Some elementary school students in Prince George’s County have as little as 15 minutes of recess per day. PGCPS policy states that recess for students in kindergarten through fifth grade should be “no less than 15 minutes per day and for no more than 30 minutes per day.” (Middle school and high school students do not have recess.)

playground_6394.v01b.25percentIn a 2013 policy statement, the American Academy of Pediatrics has written about the “crucial role” of recess as an “essential, planned respite from rigorous cognitive tasks.”

The AAP does not recommend a specific number of minutes for daily recess. However, its recess policy statement notes that across the nation, “the length specified for recess ranges widely, from 20 to 60 minutes per day,” suggesting that a 15 minute recess is outside the norm.

Recess Policies of Nearby Districts

How does PGCPS’s recess policy for elementary schools compare with policies in nearby districts?

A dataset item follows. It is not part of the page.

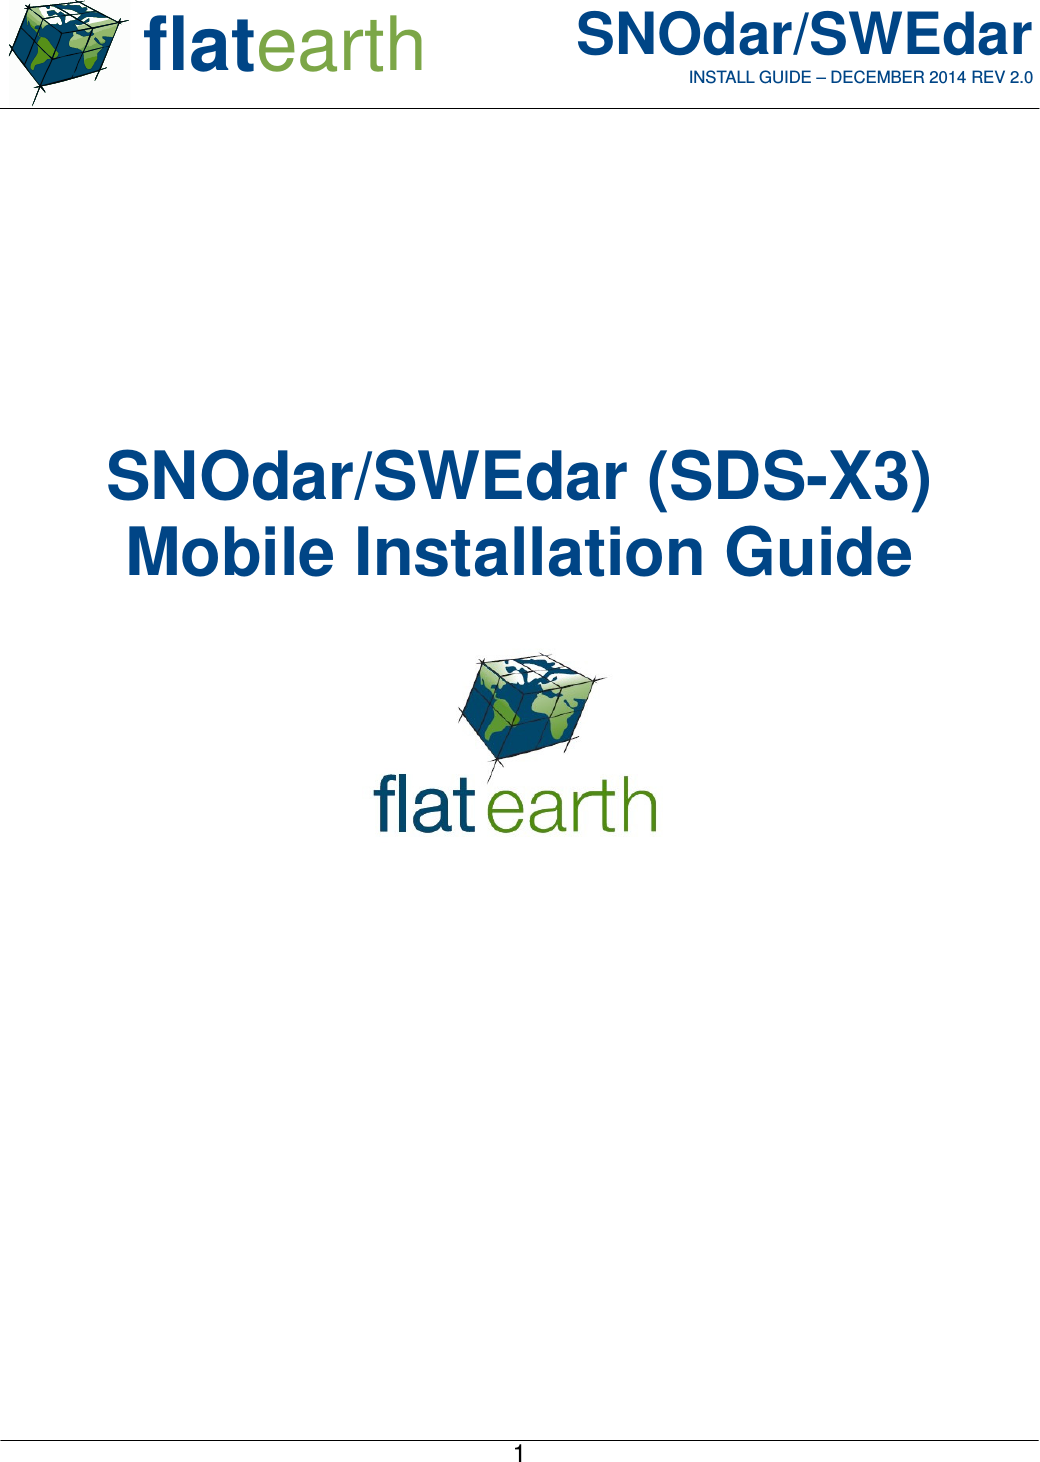  flatearth SNOdar/SWEdarINSTALL GUIDE – DECEMBER 2014 REV 2.0SNOdar/SWEdar (SDS-X3)Mobile Installation Guide 1

  • Montgomery County requires that recess for elementary school students be between 20 and 30 minutes.
  • Howard County elementary schools schedule a 30 minute recess into the school day.
  • Anne Arundel County Public Schools cites on its website the recommendation of the National Association for Sport and Physical Education (NASPE) that recess be at least 20 minutes per day. (Read the full NASPE statement here.)
  • Fairfax County elementary schools recently increased their scheduled recess to 20 minutes per day, after the recent move to a full-day schedule on Mondays.
  • DC Public Schools allow for a minimum of 20 minutes of recess per day in elementary school.